Suppose you hold that the world consists of powers all the way down: all properties consist of causal powers.  [1]Now combine that with Hume’s position on our knowledge of powers: we have no impressions of powers, and hence no adequate conception of powers. Then you are committed to an extreme Kantian view of objective reality: the world is noumenal, because powers are. That is, we have no knowledge of reality as it exists outside the mind; at best we have a kind of structural knowledge of how things hang together, but no knowledge of the intrinsic nature of things. For that nature is essentially a matter of powers, and we cannot conceive of powers as they are in themselves; we are at most acquainted with mere signs of powers, ultimately what happens in our minds as they interact with reality. Thus the world of appearance is cut off from the world of reality: we seem to experience categorical observable properties of things, but objectively reality consists of unperceivable powers. Hume himself didn’t identify all properties with powers, but he did hold (in effect) that causal connections are noumenal; extending his epistemology to a wider metaphysics of properties-as-powers yields extreme Kantianism about reality as a whole. If the world consists of powers, and we can’t form an adequate conception of powers, then we can’t form an adequate conception of the world. We can’t form an adequate conception of what the world fundamentally is.

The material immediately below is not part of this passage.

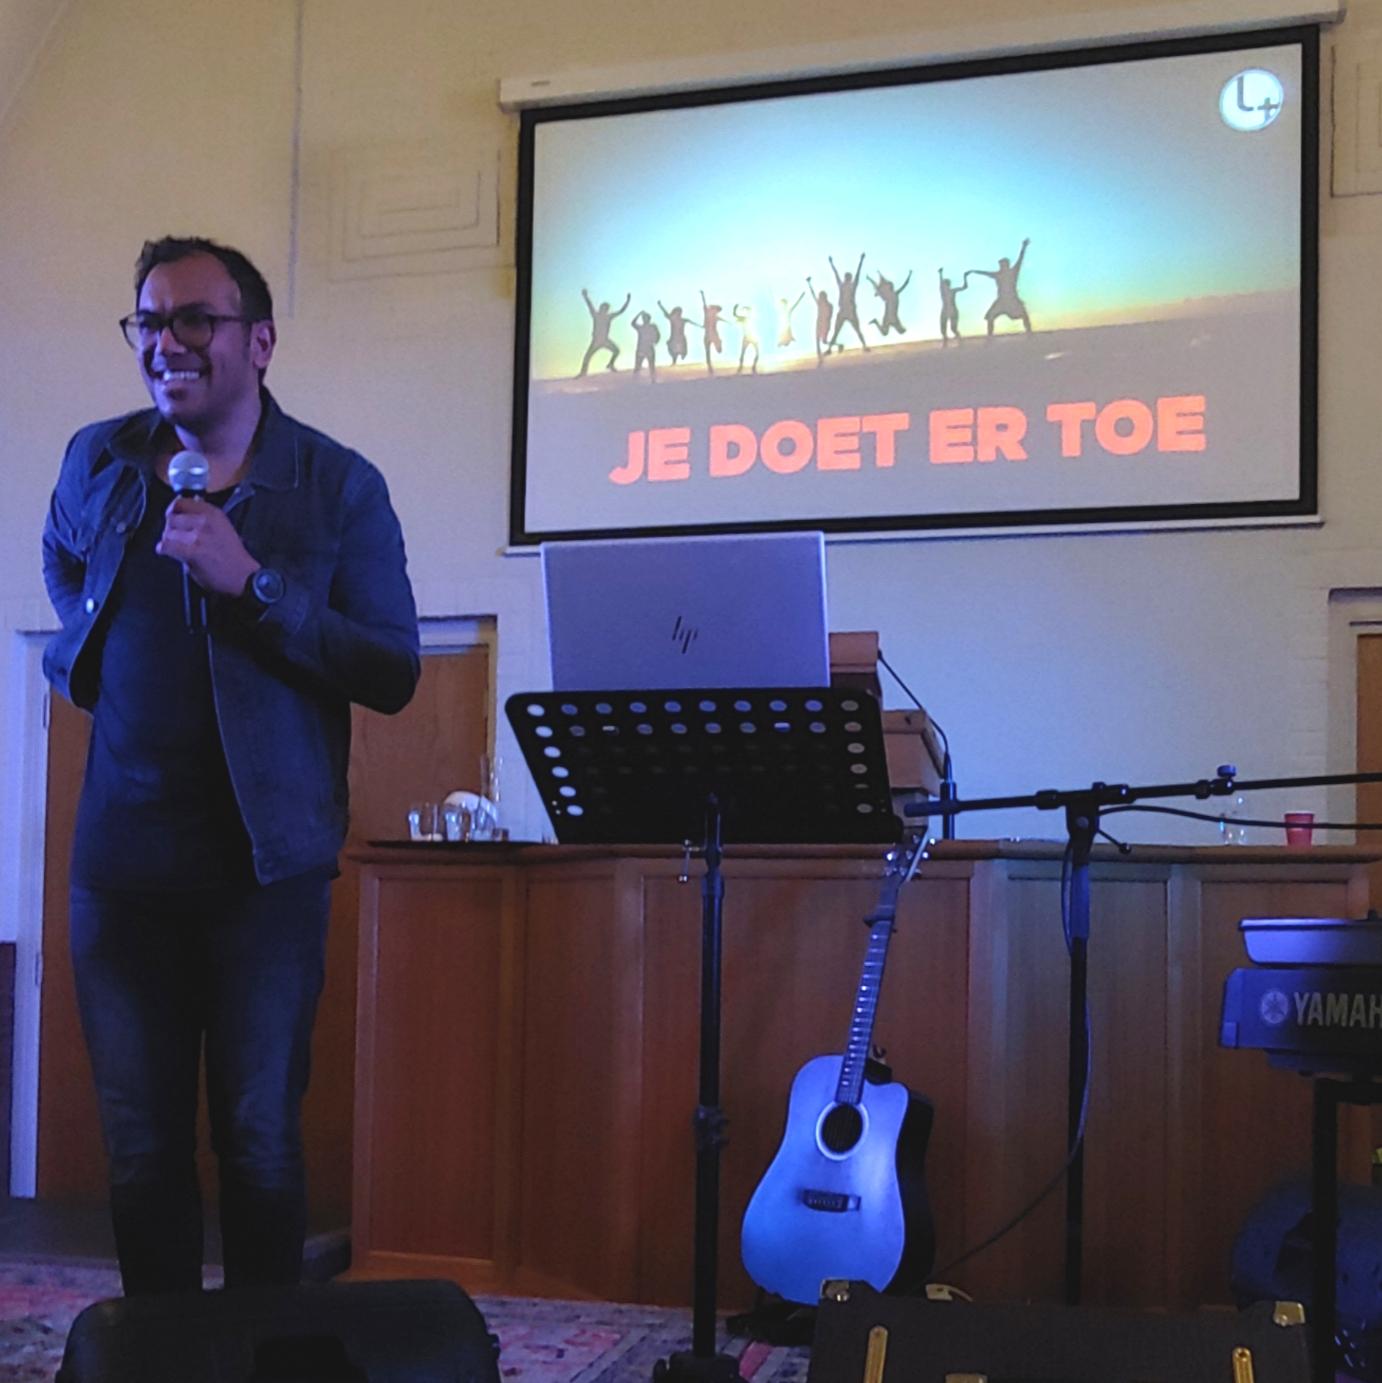 Pastor Mishaël Pietersz

            Two objections might be made to this sweeping metaphysics and accompanying epistemology. The first is that it is implausible to identify the world with a constellation of powers—there have to be grounding categorical properties somewhere in the picture, because powers cannot stand unsupported. Let us concede the point for the sake of argument: it doesn’t follow that we have adequate ideas of reality, since the grounding properties might be unknown to us. It suffices for the argument that all observable or known properties are powers: even if there are categorical properties at the bottom of reality (belonging, say, to some advanced physics), all the properties we know about consist in powers. So everything we know of the world turns out to be an elusive power—shape, size, color, etc. What we think of as ordinary properties are really powers whose inner nature we cannot discern.

            The second objection is that what happens in our mind cannot consist of powers, because we do know what happens in our mind—we know, say, what pain is, and that it is occurring now. But the powers view of properties can be extended to mental properties by distinguishing appearance from reality: we don’t have an adequate conception of what pain is, but we do know how it appears. Mental properties have causal powers as much as physical properties do—they are individuated by their causal powers—but these powers may occasion only signs of themselves in what passes before consciousness. Pain itself might be noumenal—as is the self on the Kantian conception. The mind might be a hidden reality remote from introspection, made up of powers of which we have no adequate conception (if we follow Hume on our knowledge of power).

            What is true is that appearances cannot be construed as presentations of properties if the (generalized) Hume-Kant view is right. For we do know the nature of appearances, so they cannot be constituted by powers that transcend our grasp; they cannot be collections of properties that present themselves to the mind. No property can be presented to the mind as it is, if all properties are really powers that are inherently inaccessible to the mind. Once we accept the elusiveness of powers, along with the doctrine that properties are powers, we are landed in the kind of epistemology adumbrated by Hume and Kant (Kant merely generalizing Hume). Thus the stakes are high; and idealism threatens. The ubiquity of powers leads to a Kantian view of our knowledge of reality once Hume’s critique is accepted. If powers are metaphysically basic, yet epistemologically elusive, we end up with an unknown reality. What is known is mere appearance from which the notion of property has been expunged (if it can be).

 

  [1] The work of Sydney Shoemaker on properties is an instructive reference, but the view has a wider currency. Phenomenalism in effect holds that all material object facts consist in powers to produce sense experience, and behaviorism holds that mental facts are identical to powers to produce behavior. Generally, it is the idea that reality consists of potentials—of what would happen if. Reality is best captured by conditionals of a certain sort. Everything is the power to do something.